### EXERCISE BRIEF
Copy out the full listing exactly, omitting any picture it contains.

*** INFORMATION PROVIDED Section Begins ***

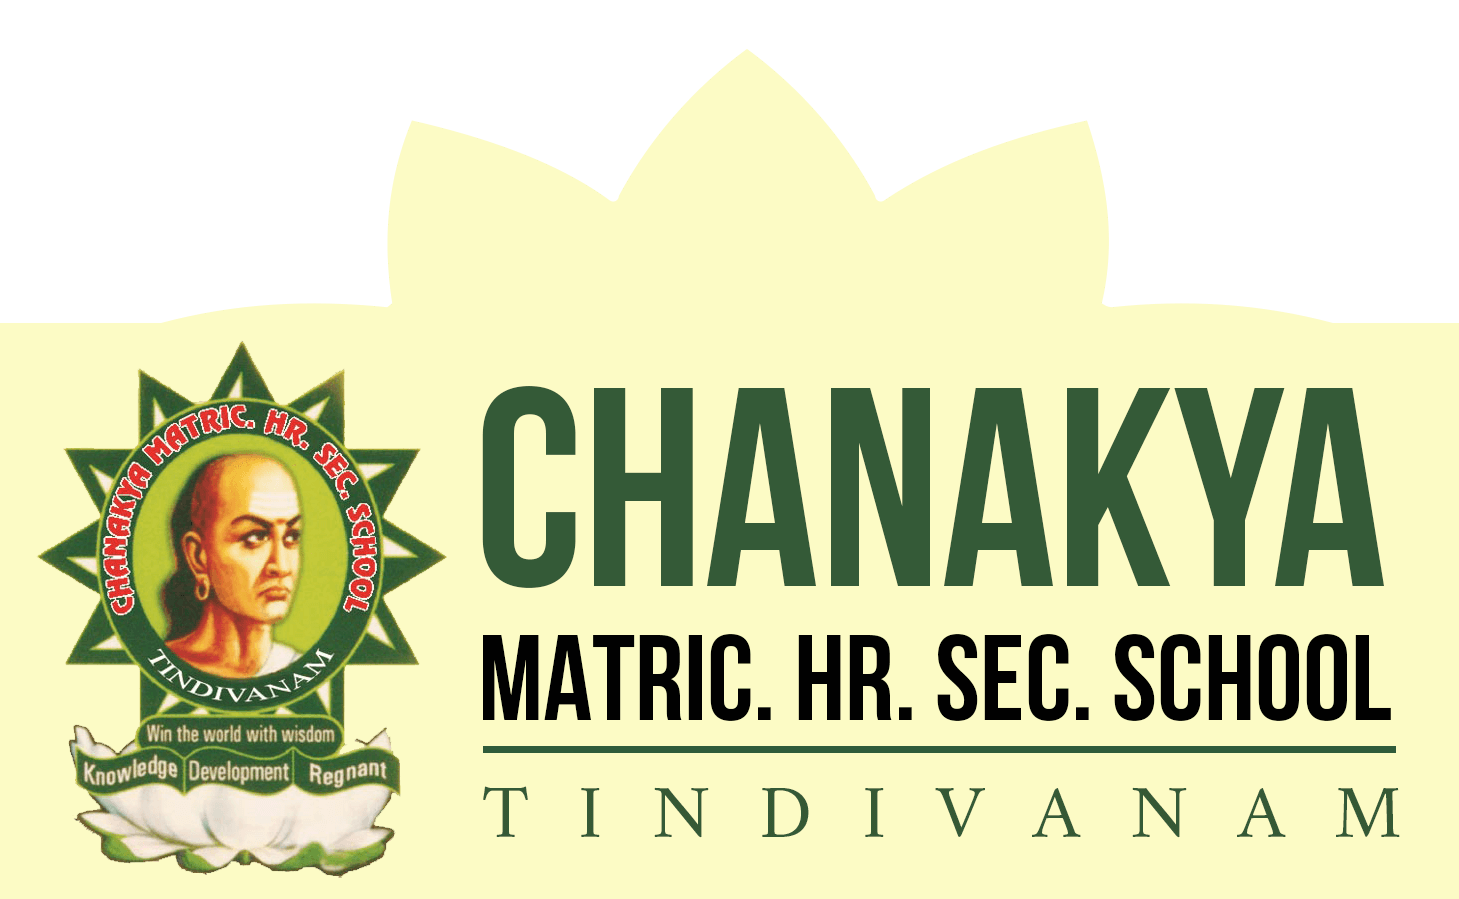 Chanakya Consultancy Services in Devendra Nagar,Raipur-chhattisgarh - Best  Mutual Fund Agents in Raipur-chhattisgarh - Justdial
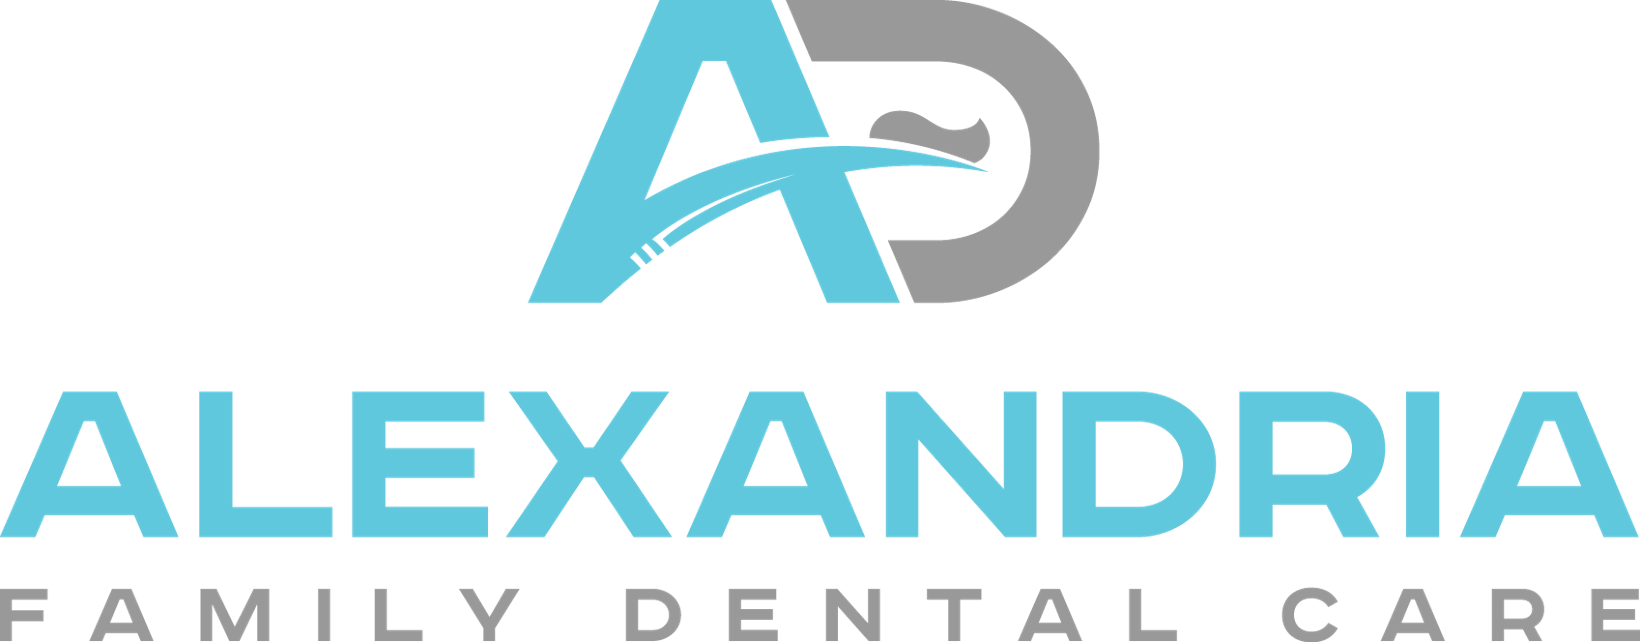 Link to Alexandria Family Dental Care home page
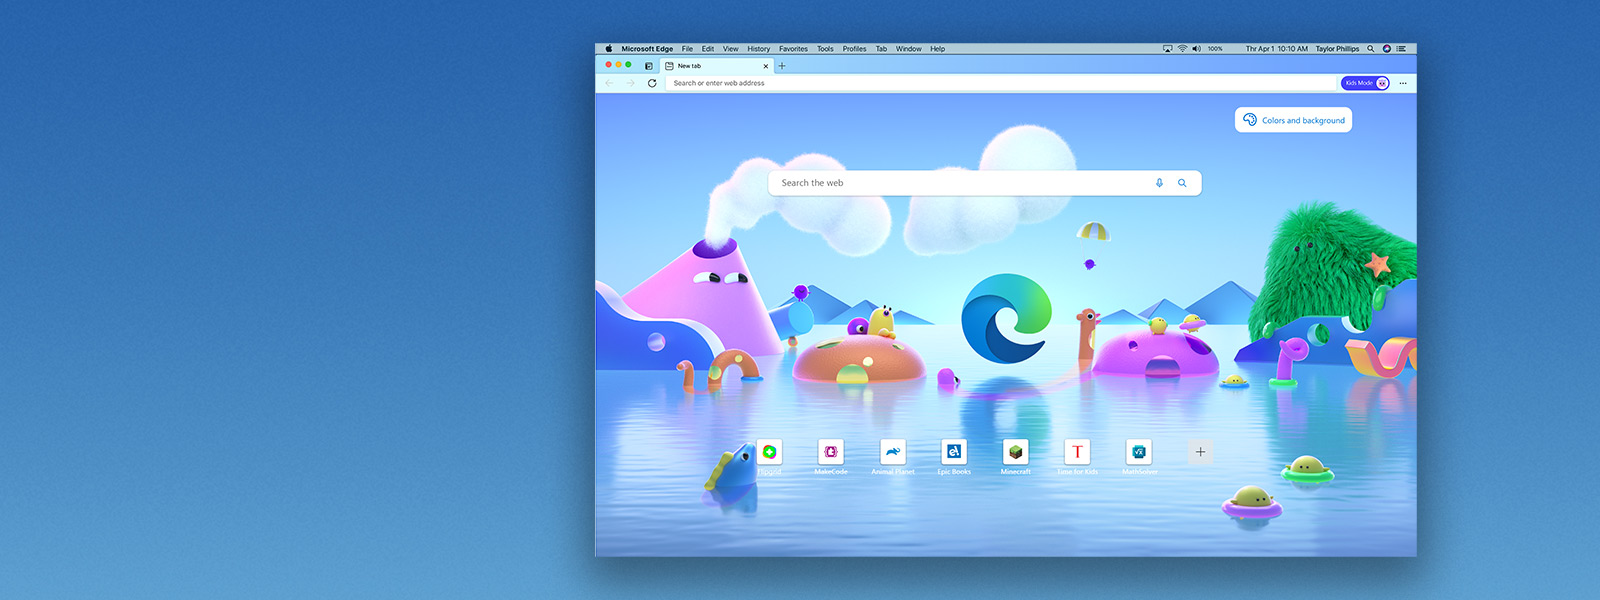 Microsoft Edge 浏览器主屏幕显示儿童模式的各种卡通形象

*** INFORMATION PROVIDED Section Ends ***

### EXERCISE RESPONSE
 Chanakya Consultancy Services in Devendra Nagar,Raipur-chhattisgarh - Best  Mutual Fund Agents in Raipur-chhattisgarh - Justdial
 Link to Alexandria Family Dental Care home page
 Microsoft Edge 浏览器主屏幕显示儿童模式的各种卡通形象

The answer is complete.